Les migrations, rendues inévitables par les différences de niveau de vie et le réchauffement climatique, amènent en terres longtemps chrétiennes un peuplement à majorité musulmane, qui ne reconnaît pas la séparation du religieux et du politique, et que la sécularisation gène dans sa référence au Coran, livre dicté par Dieu. La religion chrétienne est largement la plus persécutée au monde, et ce sont les chrétiens africains qui paient le plus lourd tribut des persécutions : en 2020, 91% des chrétiens assassinés dans le monde, soit 4761 personnes sont Africains. En moins grand nombre, les musulmans sont également persécutés, notamment en Chine, en Inde, en Birmanie…
Malgré les injonctions de Jésus : ‘’Rendez à César ce qui est à César et à Dieu ce qui est à Dieu’’ ou encore ‘’Mon Royaume n’est pas de ce monde’’, l’Europe a longtemps eu du mal à séparer le politique du religieux. C’est chose faite aujourd’hui, mais l’ouvrage sera-t-il à recommencer ? Des épreuves peut-être bien plus redoutables sembleraient menacer le monde chrétien occidental et le mener à sa sortie. ‘’La machine médiatique’’ joue sur les nerfs et les gisements émotionnels enfouis en chacun, les réseaux sociaux en rajoutent et nous détournent de la réflexion, de l’intériorité, du spirituel. Les démagogies électorales et publicitaires flattent à tout-va l’individu qui, en cas de réussite, croit en son seul mérite. S’il échoue, il rejette cette société américanisée de la compétition.
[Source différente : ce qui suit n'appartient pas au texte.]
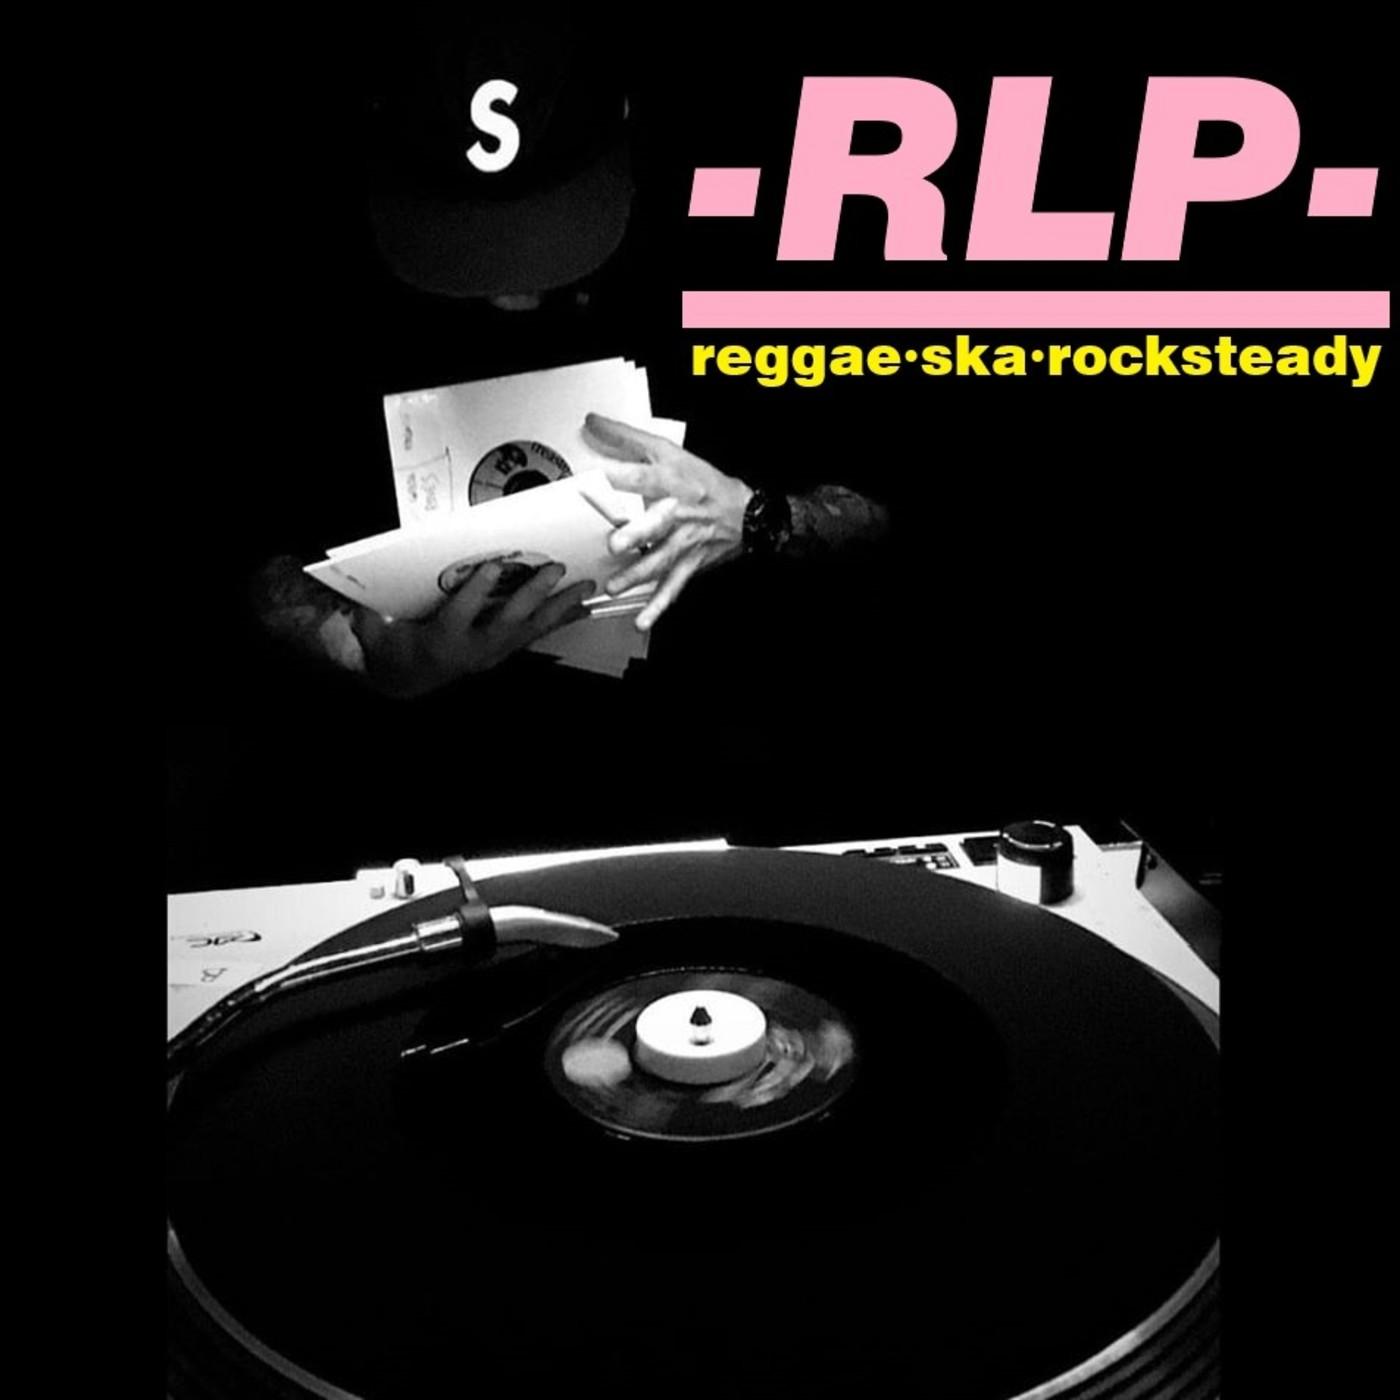 RLP (REGGAE-SKA-ROCKSTEADY)
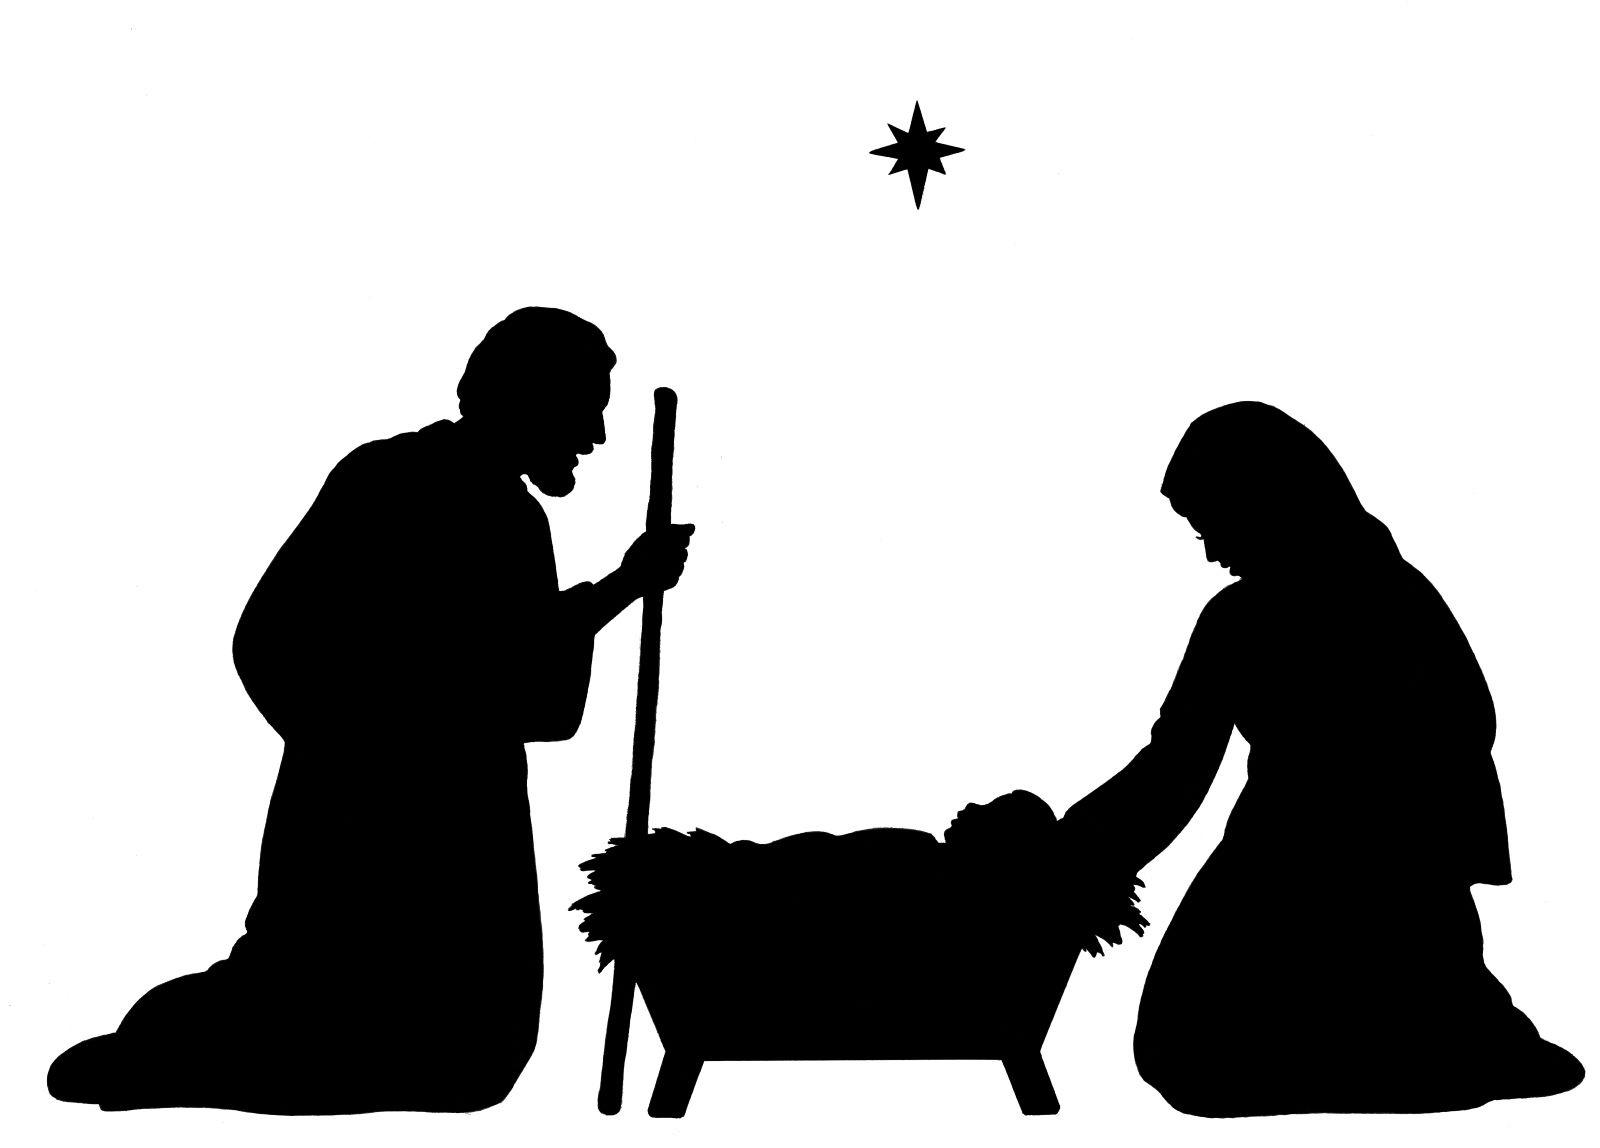 Baby Jesus Silhouette | Nativity Silhouette Clip Art | + Black - Free Printable Nativity Silhouette

La promesse de ‘’l’Homme augmenté’’ par l’anthropotechnique arrivera-t-elle à faire oublier les promesses de l’au-delà ou celles des idéologies fasciste et communiste pour 1000 ans de bonheur ? La perte des illusions aura-t-elle raison du religieux emporté par le désenchantement général ? La démocratie sera-t-elle atteinte à son tour ?
Philippe Portier, docteur en philosophie, et Jean Paul Willaime, sociologue des religions, pensent que l’homme européen, s’il ne veut pas perdre toute identité, doit reconnaître qu’il est héritier du génie chrétien lequel, à travers les siècles, a produit une immense civilisation à vocation universelle. Cette dernière a permis l’éclosion et l’épanouissement de la liberté de conscience et du doute, qui la mèneront, peut-être, à sa perte. Civilisation de la possible permissivité dont les rejetons progressistes au service des droits sacrés de l’individu ne font pas écho dans bien des pays à la morale liée à la religion. Les identités sont devenues multiples, floues, mouvantes, éclatées… La modernité, hier triomphante, est devenue ‘’liquide’’. Qui suis-je vraiment, se demandent certains qui doutent de la bonne réponse ? Ainsi, la mollesse identitaire des uns entraîne la radicalité des autres, notamment des jeunes. À côté des salafistes musulmans, prospèrent en France les Évangéliques d’expression africaine : 10% des Protestants en 1960, 50%, aujourd’hui (phénomène mondial). Ils s’affirment hauts et fort, ne rasent pas les murs, notamment au Brésil et en Afrique. Les Protestants de France se veulent ‘’Les Vigies de la République’’ en matière bioéthique, écologique, liberté de culte dans leur grande tradition de liberté individuelle. Force de demain ?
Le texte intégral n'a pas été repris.